The Boston Phoenix
May 25 - June 1, 2000

[Urban eye]

A curious end

The demise and second coming of Curious Liquids

by Dorie Clark

END OF AN ERA: "Everyone in Boston is in such a hurry. But when you came in here, everyone was happy."

The rusted yellow scaffolding and orange mesh went up around Curious Liquids three weeks ago. Jackhammers punctuated afternoon coffee breaks. The café's heroic 7 a.m.-to-2 a.m. schedule was scaled back for staff parties -- the denouement for a coffee shop twice deemed the city's best by the Boston Phoenix, and which will close for good tomorrow.

It's not for lack of popularity. Located on Beacon Hill at the foot of the State House, Curious Liquids is usually packed. "The success we've had probably comes from our innocence and naïveté going into this," muses owner Patrick Lockley, who decided to open "Curious" (as staffer shorthand has it) three years ago after a stint in the computer industry. "We didn't know how to make a slick coffee house, so what we came up with probably had more appeal to customers than a corporate environment."

Indeed, Curious derived much of its cult appeal from its spooky-yet-comfortable Victorian clutter, which suggested a Clue board come to life. The building once served as General Lafayette's headquarters, and such details as the brick study nooks date from the early 19th century. The stuffing's coming out of the sofas and armchairs. There is a haphazard library and a few old, dark apothecary bottles in the "Red Room" downstairs, and its sister chamber -- painted completely in metallic silver -- has tabletops covered with laminated Edward Gorey cartoons.

But Curious is also notable for its casual atmosphere. Lockley has been known to give his starving-artist employees advances on their paychecks. Staffers socialize extensively outside of work. They bring in their own music to pipe to the customers. "[Music] is a constant battle," says general manager and aspiring actor James Angelo with a laugh. "That's what you get when you mix a hippie, a college student, and a fag on the same shift."

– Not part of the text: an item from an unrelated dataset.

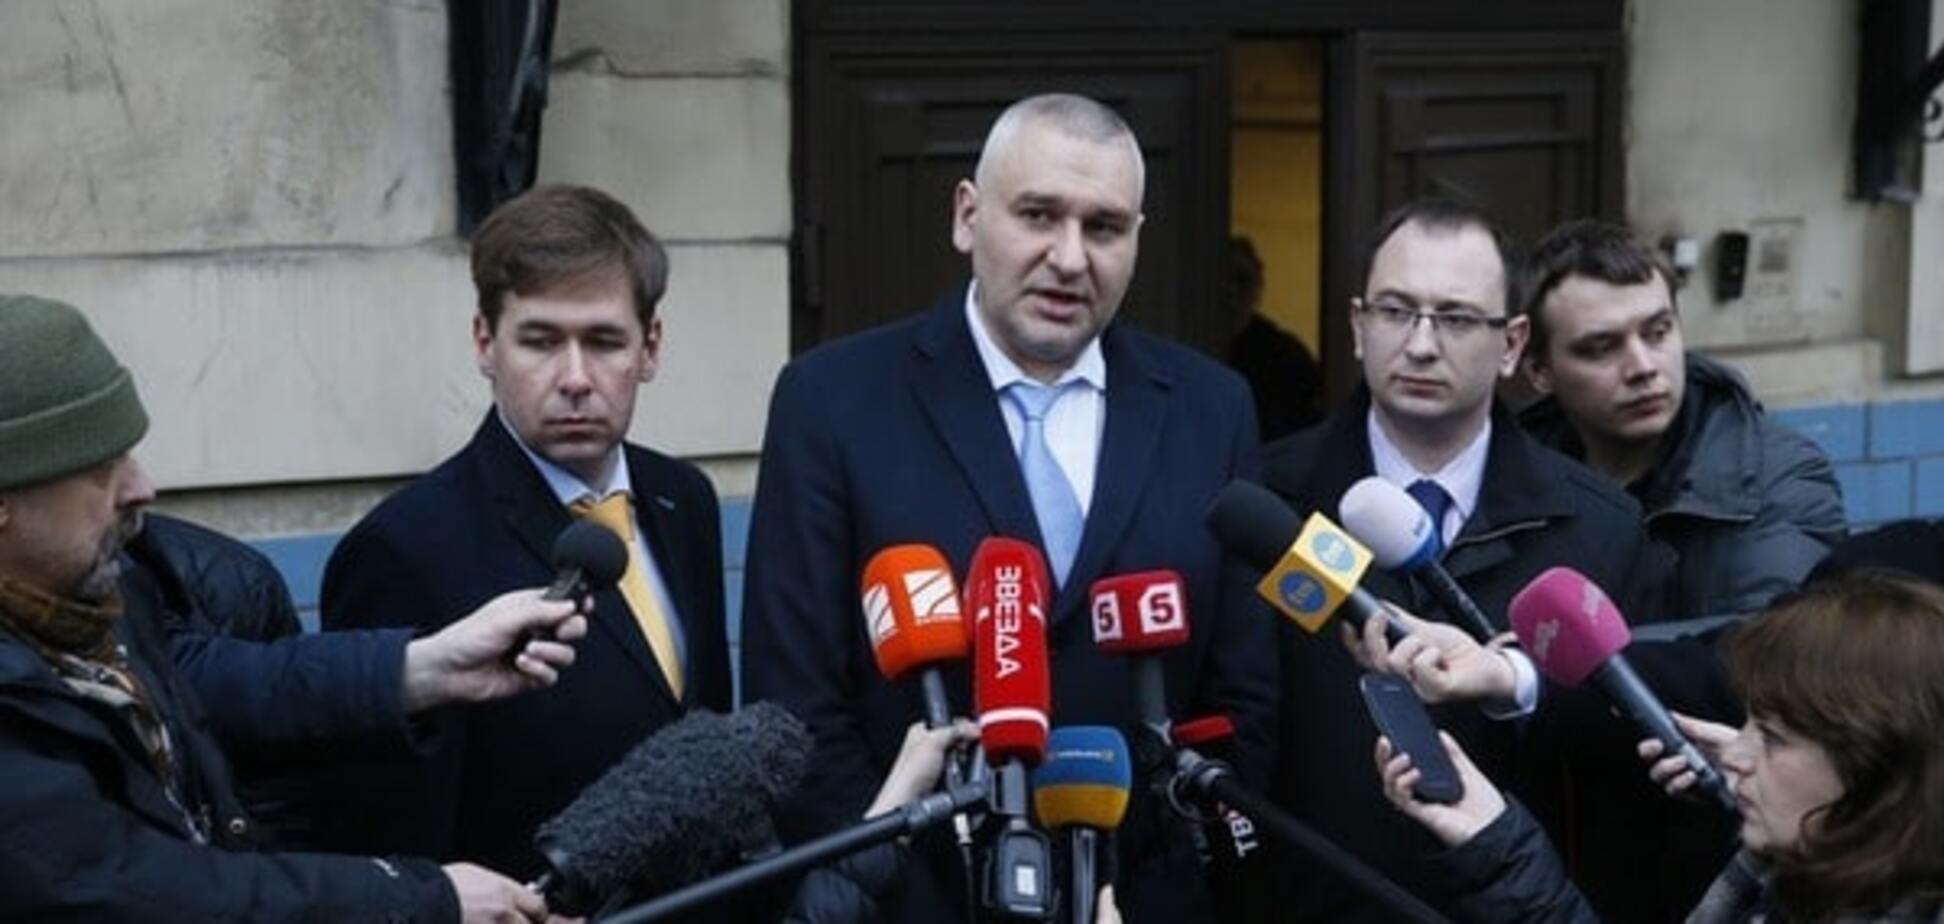 Суд повесился, обвинение облажалось – адвокаты о доказательствах по делу Савченко

Curious has never been perfect, but perfection isn't the point. One day last fall I ordered a sandwich for lunch, and in the throng of orders, mine got lost. When I inquired after its fate 45 minutes later, the pudgy, goateed clerk was so apologetic, so mortified the staff had forgotten my order, that we became "friends" in that city-retail sort of way, where you never know the person's name but ever after enjoy charming repartee. Another time, I ordered lunch and a drink and realized upon pulling out my wallet that I was a dollar short. "Can you cancel the drink?" I asked. The man at the register simply plucked a bill from the tip jar and told me not to worry about it.

Curious's way of doing business won it an eclectic fan base. Its customers are "an odd mix of teenage anxiety, legislators, and bankers," as one regular describes it. State Representative Kathi Reinstein (D-Revere) frequently met with constituents and fellow legislators at Curious. The gay youth group BAGLY streamed in after club meetings on Wednesday nights, and parishioners from the evangelical Park Street Church came by for their Sunday caffeine fixes. Justina French, a newly minted Suffolk University alumna, raced up from the FleetCenter immediately after her graduation ceremony last Sunday in search of what might have been her last cup of Earl Grey from Curious. "Every morning I came here for my tea," she said. "I became really great friends with the people who worked here. [Now] it's like they're dead."

Last August, the building that houses the café was sold to the Brooke-Petit Group, owned by former US senator Edward Brooke and his daughter. They are renovating the upstairs to create housing units, and their plans for street level do not include Curious Liquids. Owner Lockley is moving to New York to explore other interests, but he intends for a piece of his creation to live on. He has sold the Curious Liquid name, menu, and furniture to the Bagel Plus Café, a nondescript -- but independently owned -- outfit a block away on Tremont Street. The proprietor, Abraham Abraham, plans to integrate a bit of Curious into the upstairs décor, and to consecrate the currently unused basement a Curious Liquids-in-exile. Curious's general manager will be staying on board through the summer to ease the transition. Perhaps the new arrangement can sustain the type of atmosphere Justina French noticed at Curious: "Everyone in Boston is in such a hurry. But when you came in here, everyone was happy." Or maybe -- given that the wooden wall paneling in the Bagel Plus basement is more evocative of Mike Brady than General Lafayette -- it can't. Either way, all is changed, changed utterly. A curious bagel is born.